Stochastic Selection of Responses for Physically Unclonable Functions

Abstract

Challenges in securing the Internet of Things (IoT) has led to the development of novel technologies such as physically unclonable functions (PUFs). Having applications in both lightweight authentication and key generation protocols for IoT devices, PUFs have received a great deal of research. Despite their promise, delay-based PUFs such as Arbiter PUFs and 4-XOR PUFs are easily modeled with 600 and 50, 000 challenge-response pairs (CRPs), respectively. While it has been shown that delay-based PUFs can be further improved by XORing together an increasing number of PUF instances, it also tends to become area-inefficient. In this paper the authors propose a novel method that combats the effectiveness of machine learning algorithms for modeling PUF behaviors by randomly selecting responses from a pool of PUFs. Six variants to our Random Bit Selection (RBS) PUF are proposed and investigated.
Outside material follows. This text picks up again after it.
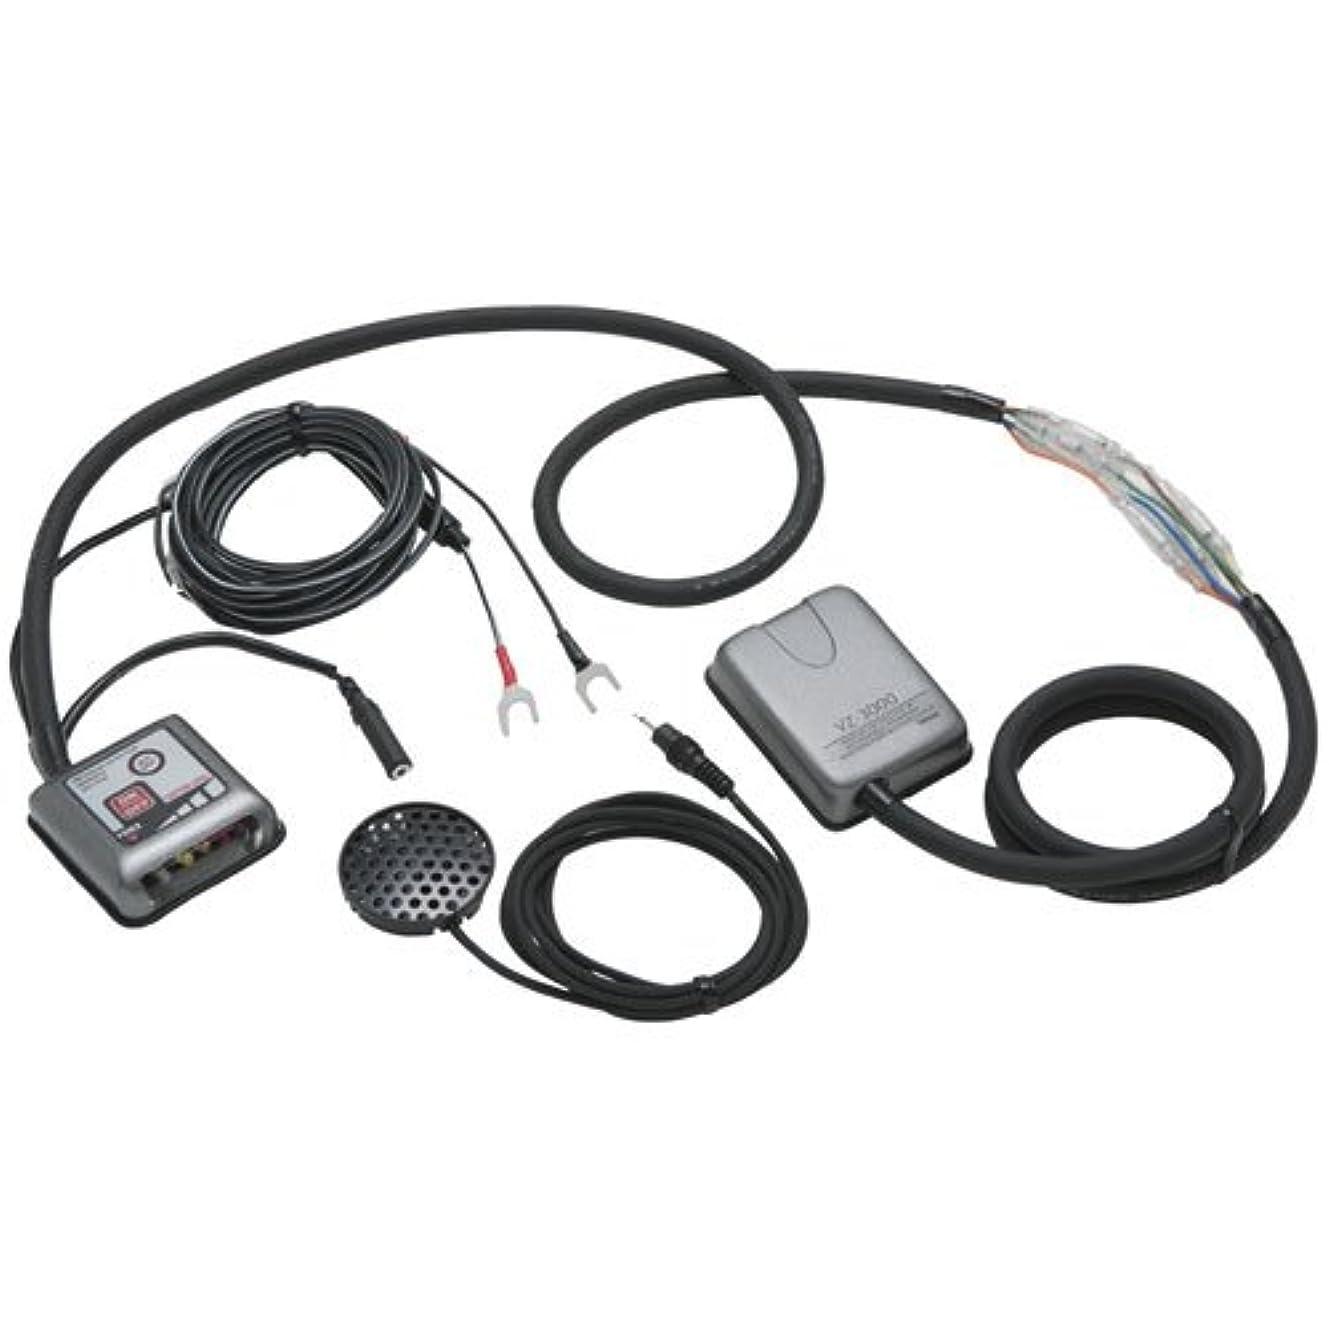 バンジージャンプ符号異議DAYTONA(デイトナ) バイク用GPSレーダー MOTO GPS RADAR LCD 防水シガーコード 77710

The yielded results show that specific variants of RBS PUF are machine learning resistant despite using a 5, 760, 000 CRP dataset for training. Furthermore, the results indicate no significant improvement in the modeling algorithm despite a 100 times increase in the number of CRPs used. Finally, the security of the proposed design is also evaluated through a brute-force analysis to show its resistance to brute-force attacks.